頻拍の診断アルゴリズム
1)頻拍の診断アルゴリズム総論
心電図診断アルゴリズムを表17、図23~25にまとめる。心電図診断のための指標は、1)QRS幅が狭いか広いか、2)RR間隔が整か不整か、3)QRS幅が狭い場合、QRSの前のPが確認できるかできないか、この3つの指標を順番に判定することで心電図診断は概ね可能になる。
【表17】頻拍の波形診断
【図23】頻拍の診断アルゴリズム(全体像)
【図24】QRS幅の狭い頻拍の診断アルゴリズム
【図25】QRS幅が広い頻拍の診断アルゴリズム
2)発作性上室性頻拍と心房粗動(2:1伝導)の鑑別
QRS幅が狭い頻拍の診断で問題になるのは、RR間隔が整で、QRSの前のP波が無いまたは不明な場合で、発作性上室性頻拍と心房粗動(2:1伝導)の2つの波形が鑑別診断として残ってくる。これらの鑑別は図26のとおりである。
【図26】発作性上室性頻拍と心房粗動の鑑別
両者の心電図による鑑別は、理論的には、基線水平部の確認、またはQRSの後の逆転P波の確認ができれば発作性上室性頻拍であり、F波(鋸歯状)が確認できれば心房粗動である。しかし、臨床現場では心電図による両者の鑑別が難しい場合がある。その場合は迷走神経刺激やアデノシン(ATP)投与により鑑別することができる(詳細は後述)。ちなみに、迷走神経刺激やアデノシン(ATP)投与は、発作性上室性頻拍には治療にもなる。これらにより、フラットラインが認められるかまたは洞調律に復帰すれば発作性上室性頻拍であり、F波が確認されれば心房粗動である。
3)QRS幅が広い頻拍の鑑別
QRS幅が広い頻拍は大部分(約80~90%)が心室頻拍で、重篤な場合が大部分である。そのため、初期診療対応の1番は専門家へのコンサルテーションである。このグループに対する心電図診断アルゴリズムの詳細は図25のとおりである。
【図25】QRS幅が広い頻拍の診断アルゴリズム
まず、QRS幅が広い頻拍に対しては前述したとおりRR間隔が整か不整に分ける。RR間隔が整であれば概ね単形性心室頻拍である。しかし時に、変行伝導を伴う上室性頻拍の場合もあり鑑別が必要になる。安定していれば、変行伝導を伴う上室性頻拍との鑑別にアデノシン(ATP)投与が許容されている。アデノシン(ATP)投与により、変行伝導を伴う上室性頻拍であれば一時的に徐脈になるか洞性リズムに復帰するが、単形性心室頻拍であれば無効である4)。

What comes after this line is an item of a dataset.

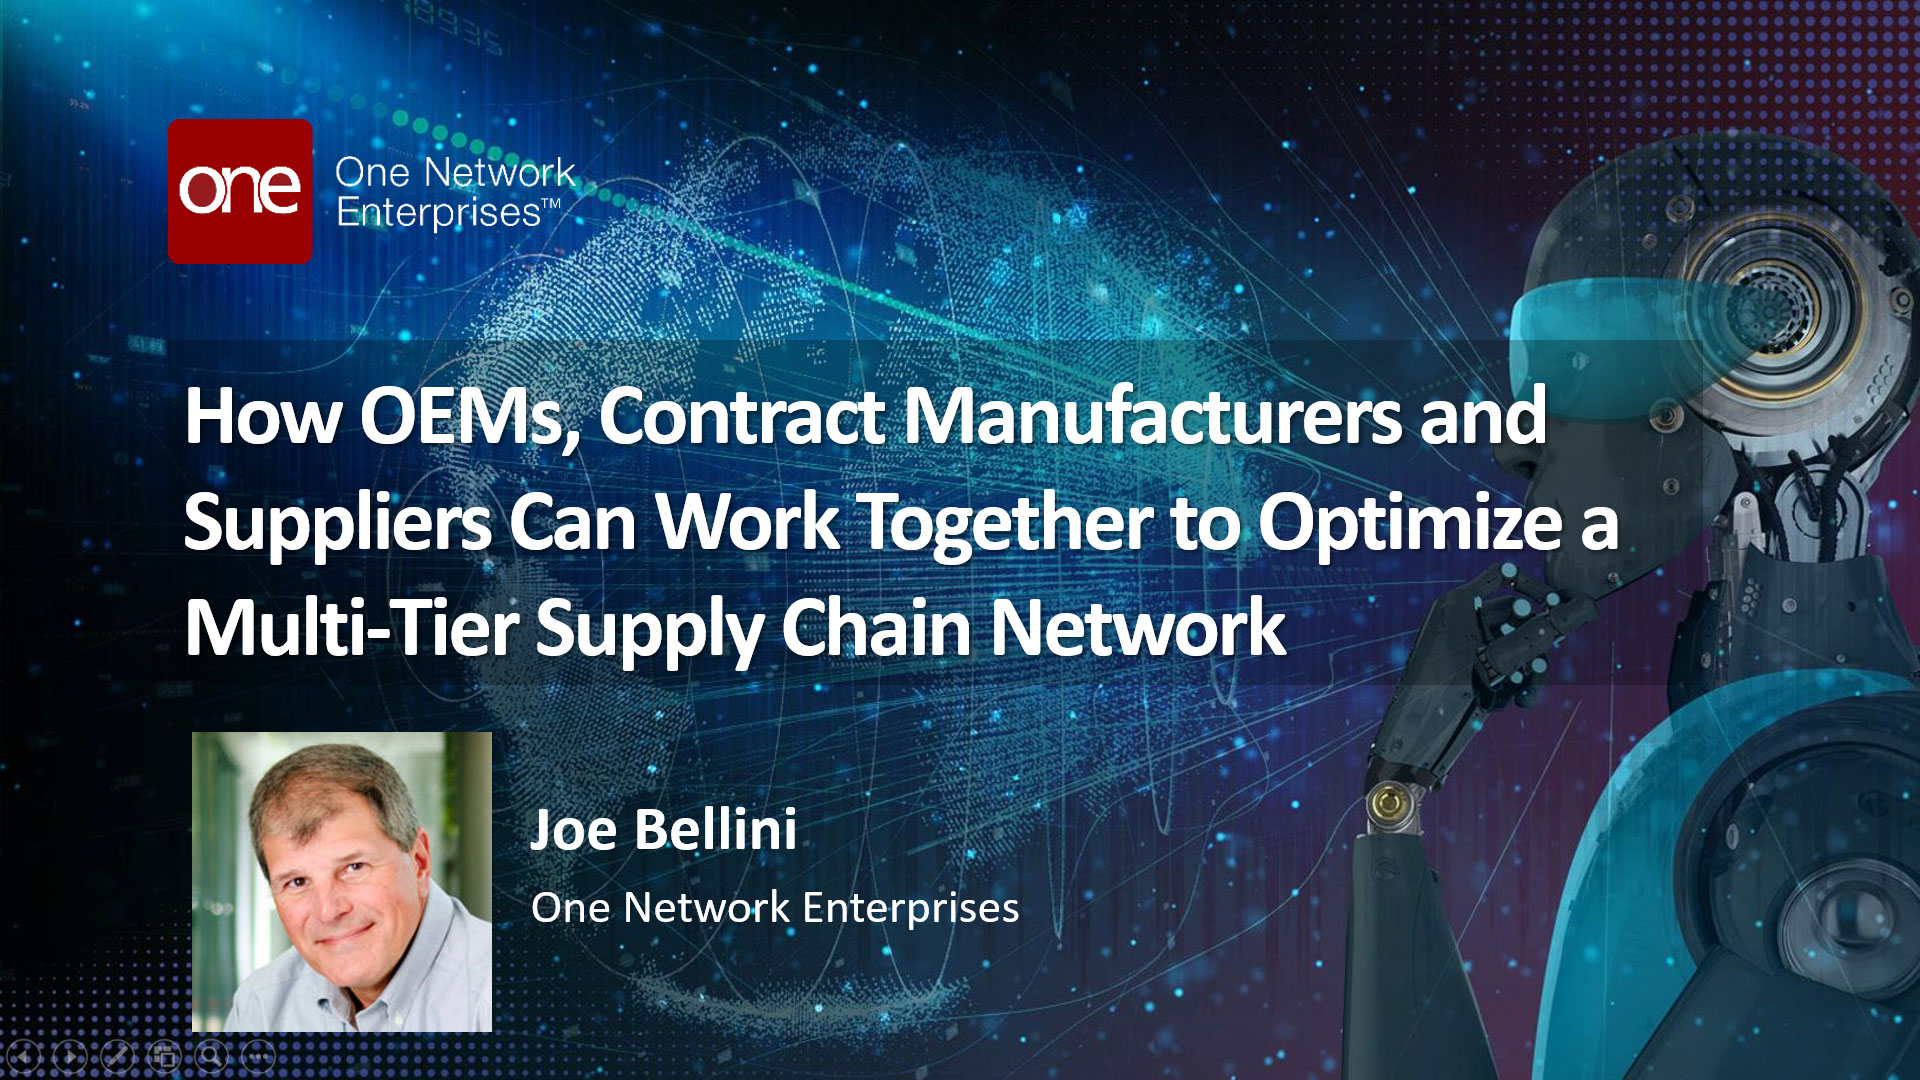 Download the Presentation: Optimizing Multi-Tier Supply Chain Networks

次にRR間隔が不整であれば、多形性心室頻拍か偽性心室頻拍(WPW+AF)である。偽性心室頻拍(WPW+AF)では基線のゆれ(細動波)やデルタ波がみられる。心室頻拍の心電図診断は前述したとおりであるが、臨床的には多形性心室頻拍(torsades de pointesを含む)はほとんど無脈性である。